Definition
The time delay between when weather data is actually observed by a sensor (such as a NEXRAD radar) and when that data is displayed to the pilot in the cockpit. In NEXRAD products delivered to the cockpit via datalink, latency means the radar image you are viewing is not real-time — it shows weather conditions as they were several minutes ago, not as they are right now.
Plain English
The lag between when the weather actually happened and when it shows up on your screen.
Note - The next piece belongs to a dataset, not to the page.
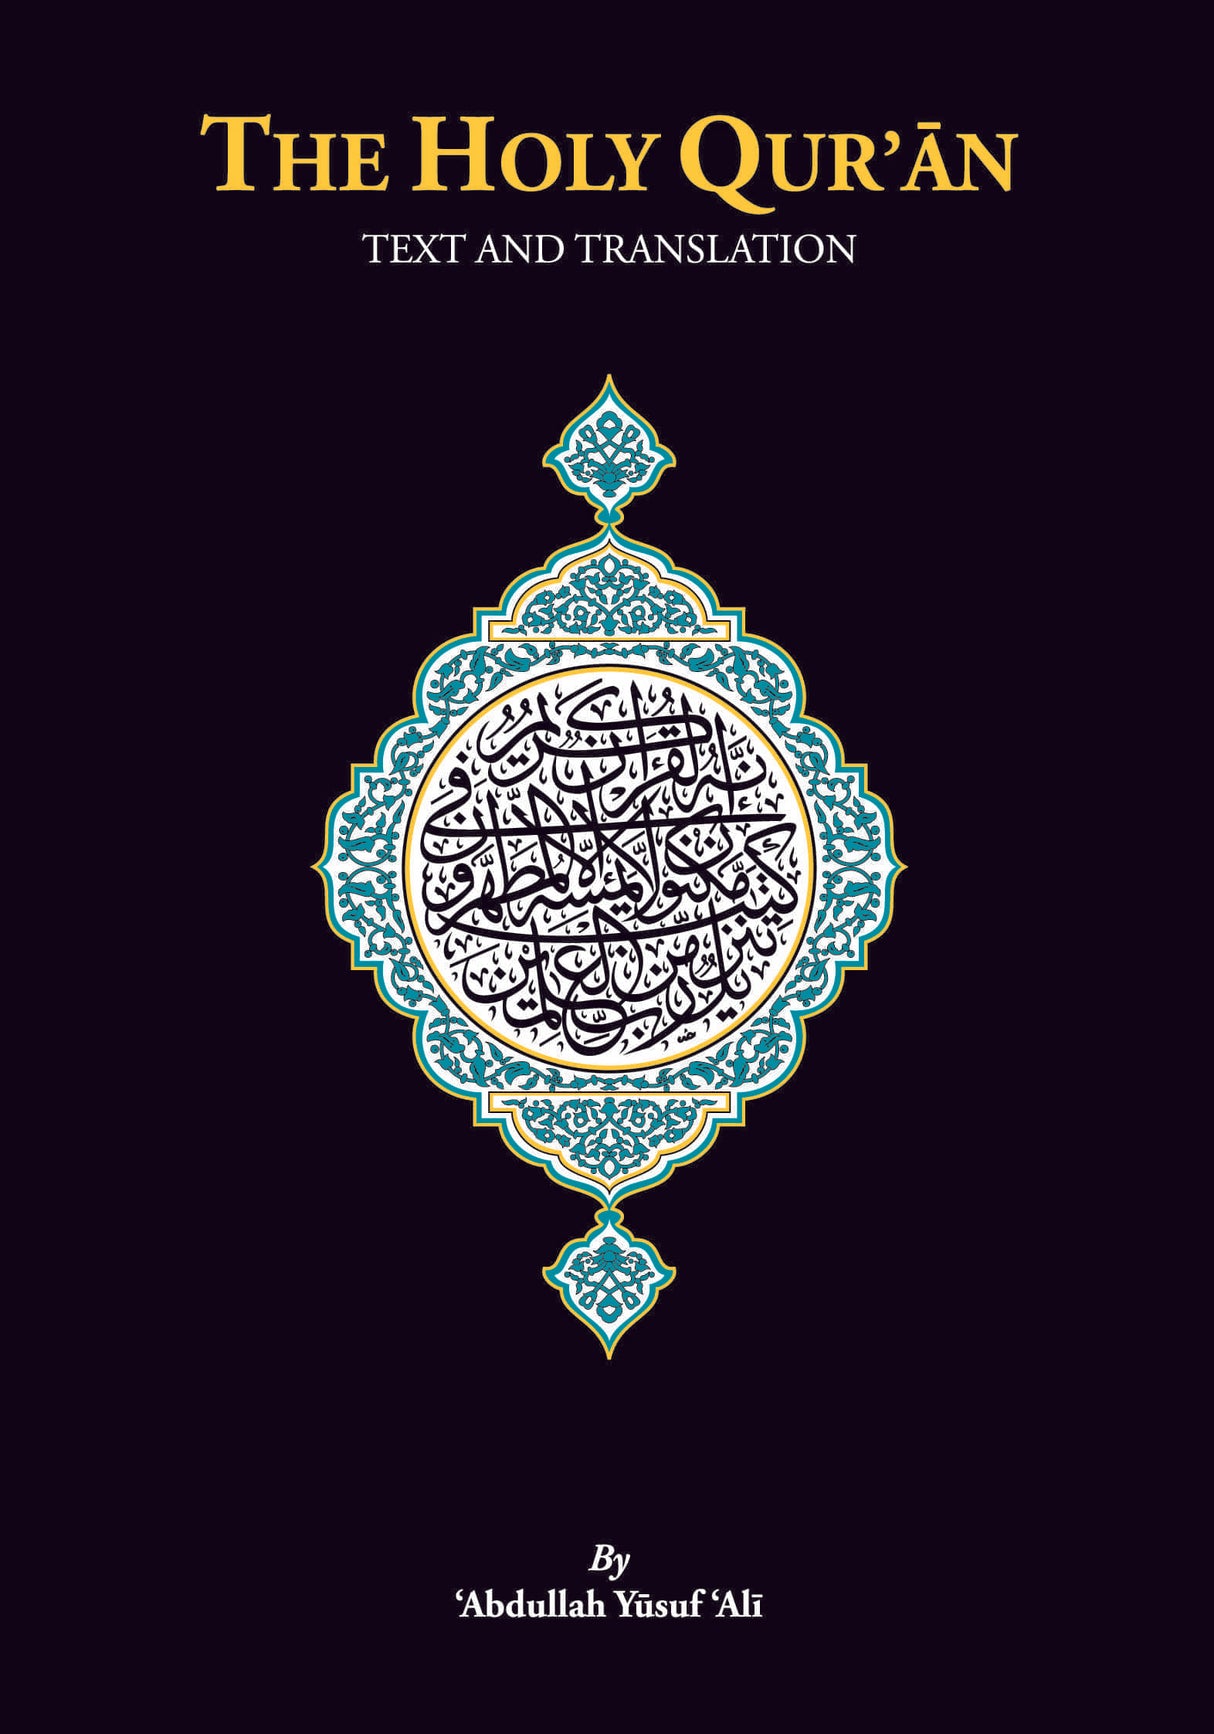 The Holy Quran: Arabic & English (19cmx13.5)

The picture you see is always a few minutes old.
Context Anchor
Seen in Next Generation Weather Radar system discussions and cockpit weather displays when judging how current a displayed weather image really is.
Derivation
From the Latin latens, meaning 'hidden' or 'lying concealed.' The idea is that the delay is hidden — the data looks current on the screen, but a gap of time is quietly built into it.
Why Pilots Care
High latency means the displayed weather may no longer match actual conditions, affecting route and altitude decisions.
Grounding Statement
A weather image with latency is a delayed picture, not a live window.
Intuition Check
Latency does not mean the radar image is useless or necessarily wrong; it means there is a time lag. Lower latency means more current information, but it still may not be live.
Example Sentence 1
Because of NEXRAD latency, the storm cell on the cockpit display may already have moved several miles from the position shown.
Example Sentence 2
Because of latency, the controller advised checking for newer radar updates before entering the area.